I am pulling images and information from a mySQL database and displaying with a few PHP functions. At times all of the information isn't there and I need it to basically display:none; but I can't seem to get it - What am I missing? Here is my display function:

<?php if ($recipe->hassliderimage5 == true) { 
   $recipe->show_image_carousel5();
    } else {
    }

?>

And here is the PHP function calling it from the database -

if (trim(mysql_result($this->result,0,"imageCarousel5") != '')) {$this->hassliderimage5 = true;} else {$this->hassliderimage5 = false;}

Here is what I got to work for what I wanted - not sure if it is the best solution or not? I'm still kind of new to PHP.

<?php if ($recipe->hassliderimage5 == true) { ?>
      <div id="sliderimageFive" class="item">
            <?php   
                $recipe->show_image_carousel5();
            ?> 
       </div>    
<?php } ?>

Answer 1

You seem to make the mistake to create your view before collecting the data that has to be displayed. A more logical application structure would be to fetch the data from the database, validate it and then create your view according to the amount and type of data you have.

Also, take a look at this: Why shouldn't I use mysql_* functions in PHP?

Answer 2

I can't comment cause i have not enough reputation, so i try it with an answer.
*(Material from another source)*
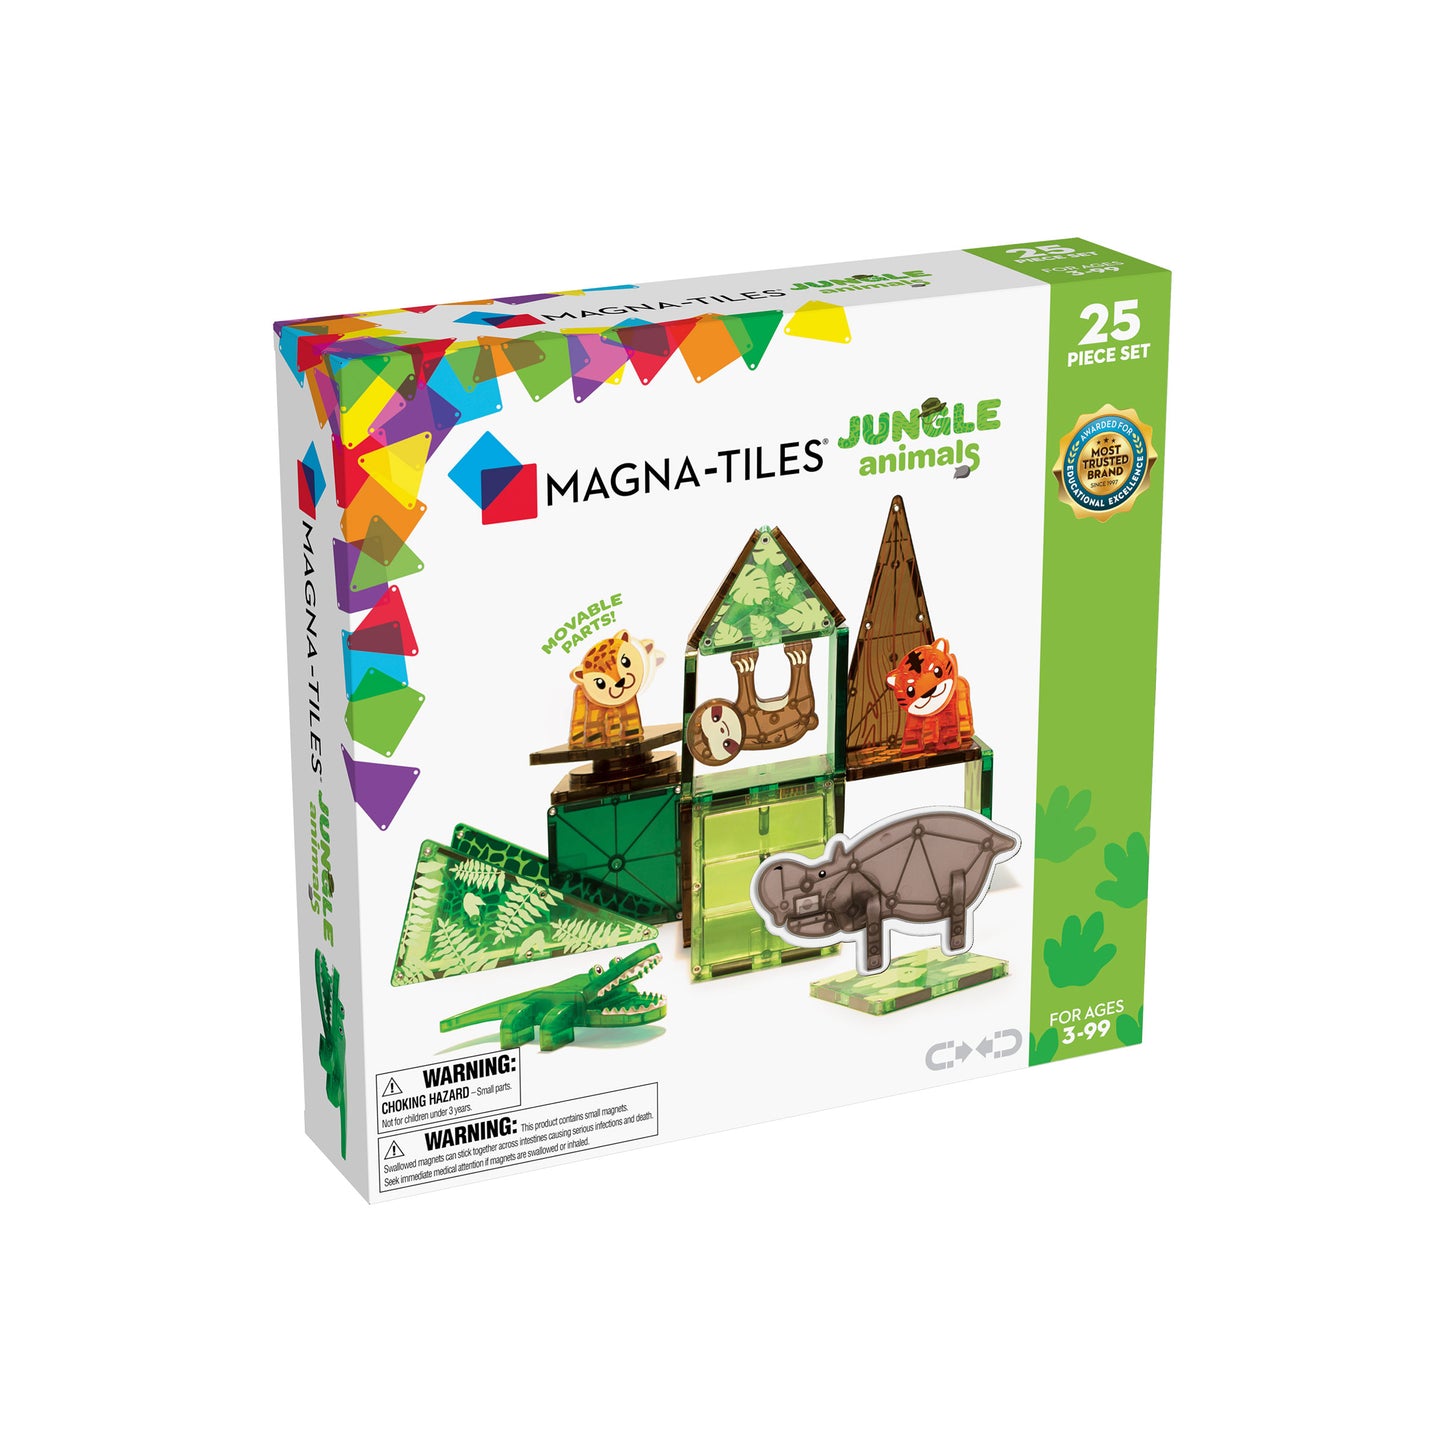 Magna-Tiles – Jungle Animals – 25 Piece Set

why you are using the trim on mysql_result($this->result,0,"imageCarousel5") != '' this code will give you either true or false no string you have to trim

Maybe you want to trim the return of mysql_result and then check if its empty

if (trim(mysql_result($this->result,0,"imageCarousel5")) != '') {$this->hassliderimage5 = true;} else {$this->hassliderimage5 = false;}

Answer 3

Try this test:

<?php if (filter_var(recipe->hassliderimage5, FILTER_VALIDATE_BOOLEAN) == true) { 
   $recipe->show_image_carousel5();
} else {
   // do other
}
?>

if return true if the value of 'recipe->hassliderimage5' is "1", "true", "on" and "yes"

Enjoy your code!